• Goal of the exercise
Reproduce the listing below as it stands. Leave out each image.

• Input data
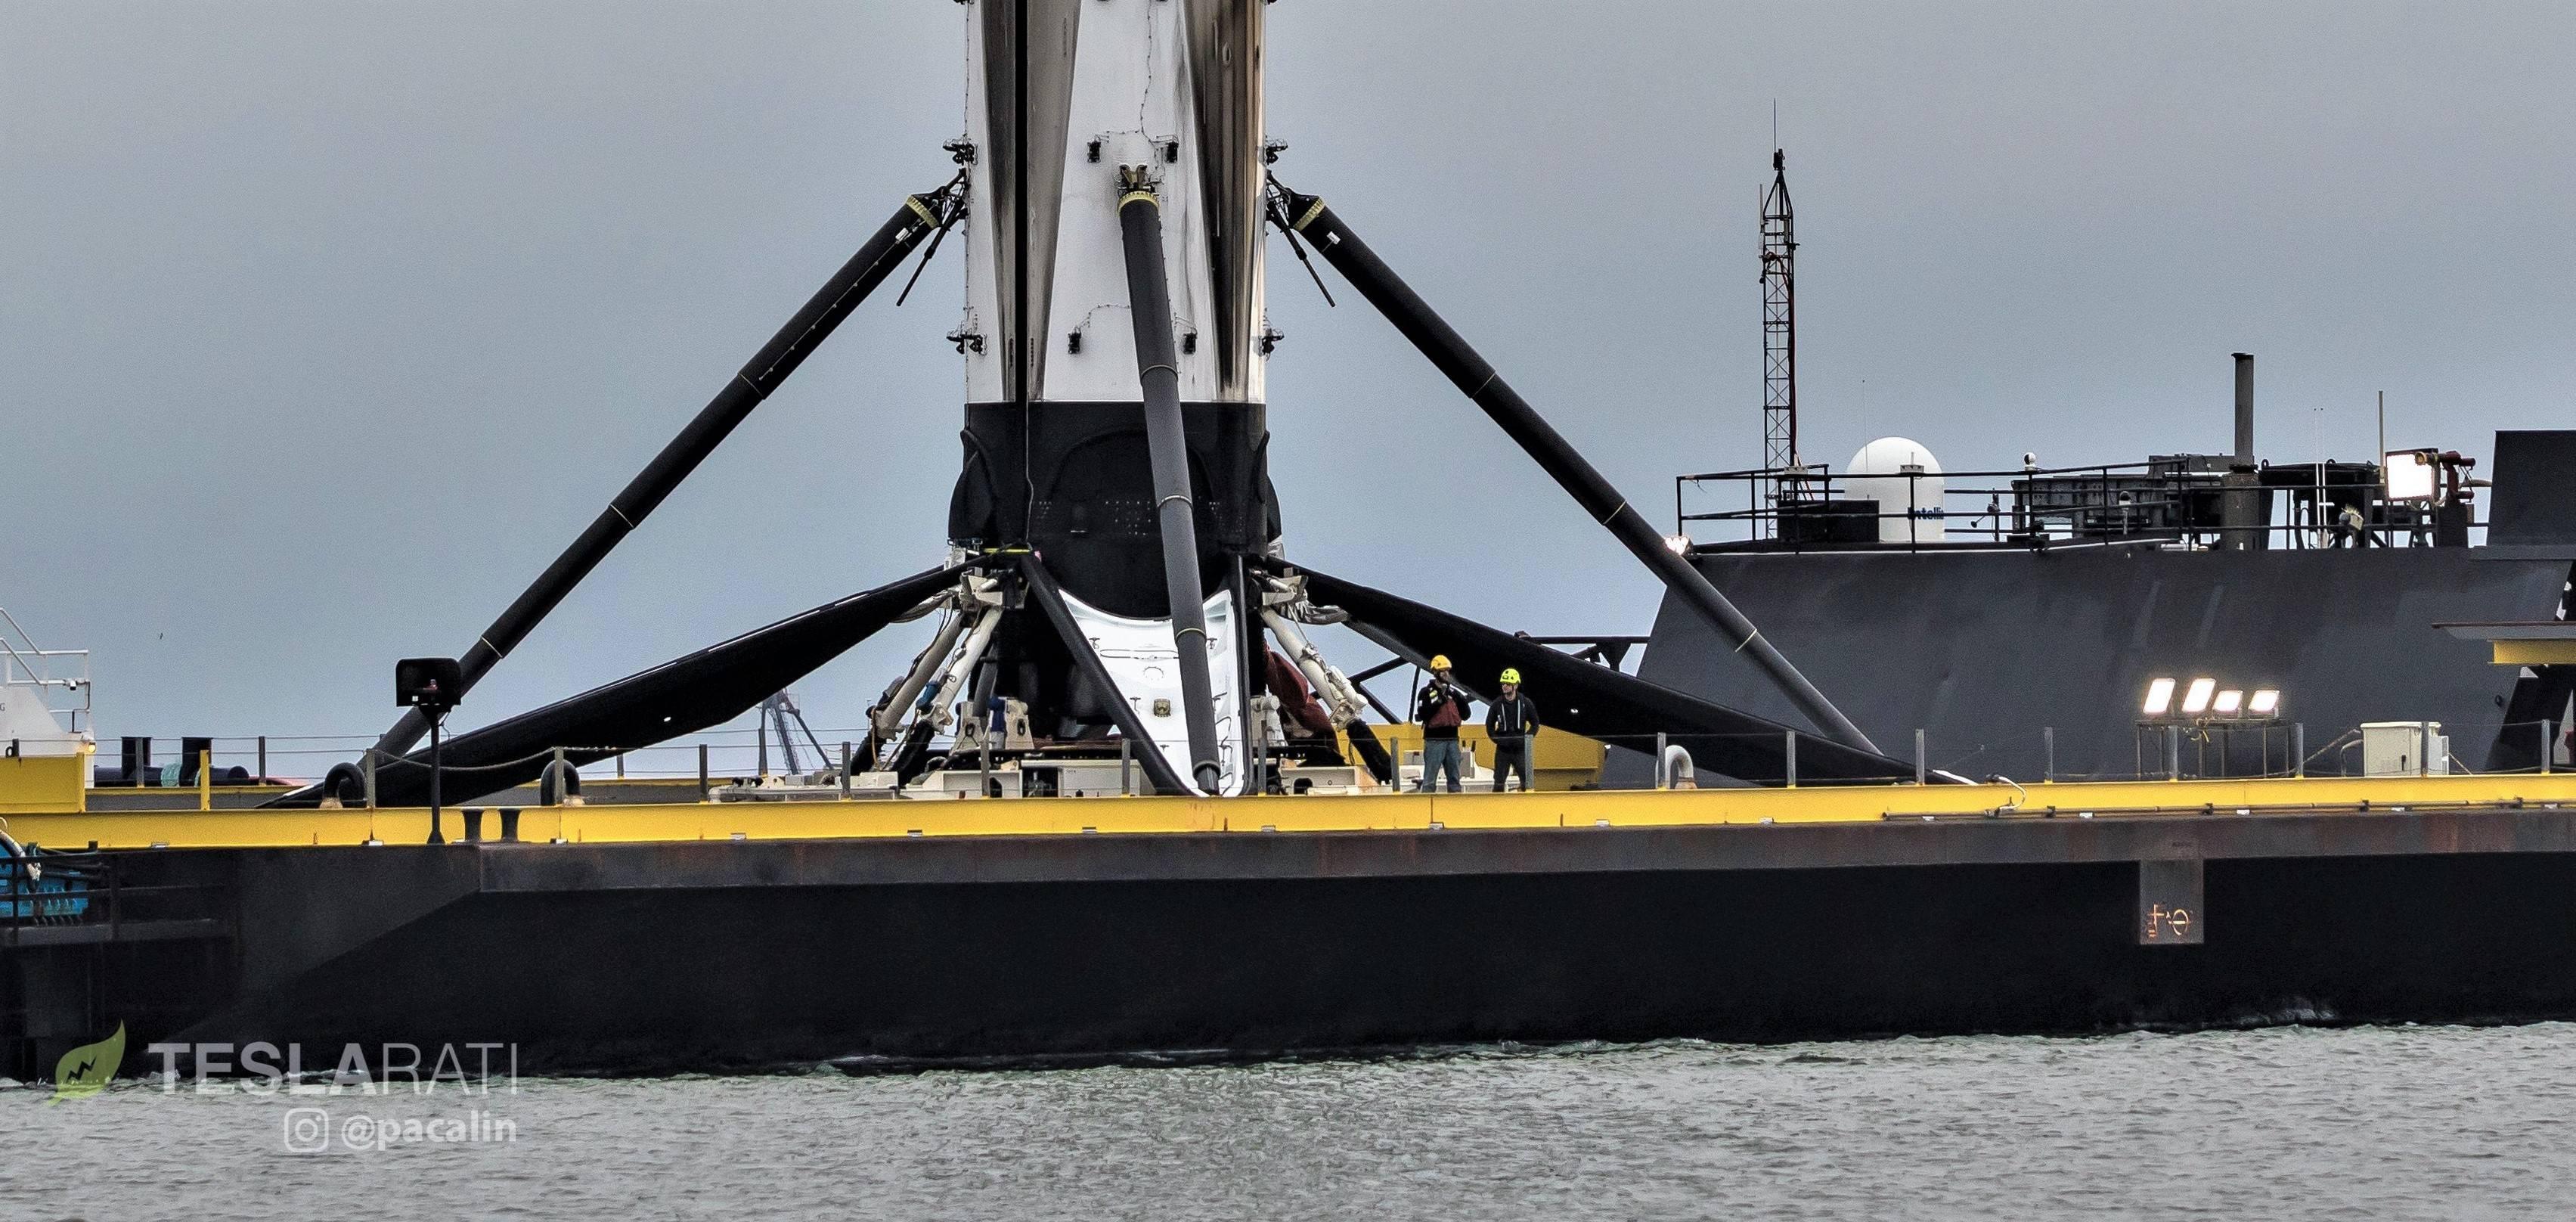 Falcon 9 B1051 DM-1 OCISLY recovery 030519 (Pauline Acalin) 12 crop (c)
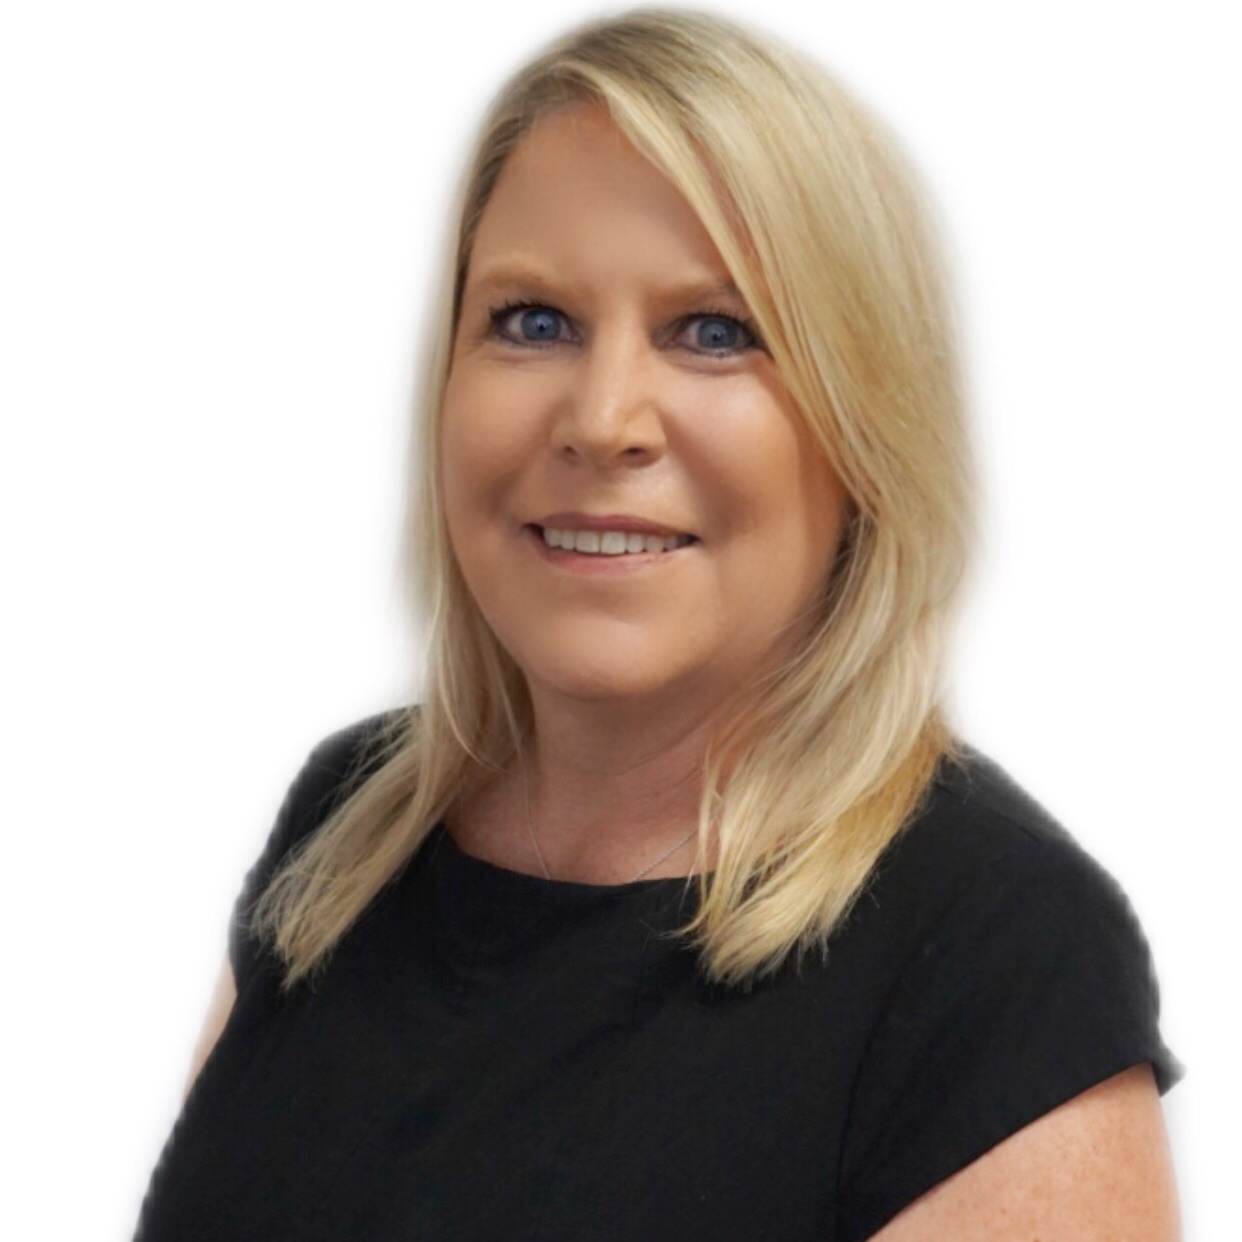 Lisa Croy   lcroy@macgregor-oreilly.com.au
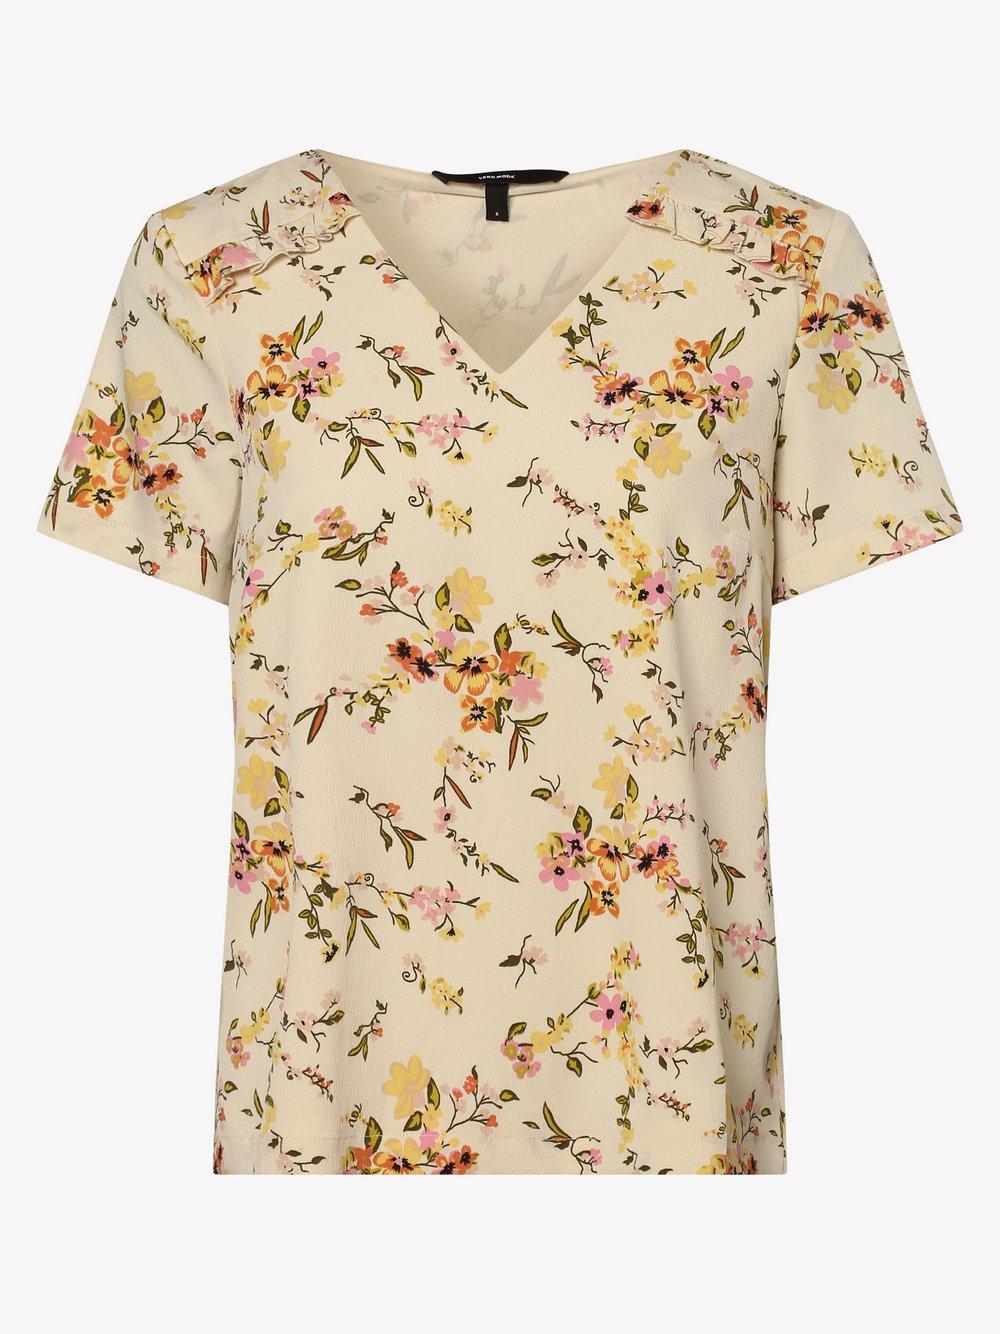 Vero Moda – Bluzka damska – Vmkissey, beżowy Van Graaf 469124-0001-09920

• Solved exercise
 Falcon 9 B1051 DM-1 OCISLY recovery 030519 (Pauline Acalin) 12 crop (c)
 Lisa Croy   lcroy@macgregor-oreilly.com.au
 Vero Moda – Bluzka damska – Vmkissey, beżowy Van Graaf 469124-0001-09920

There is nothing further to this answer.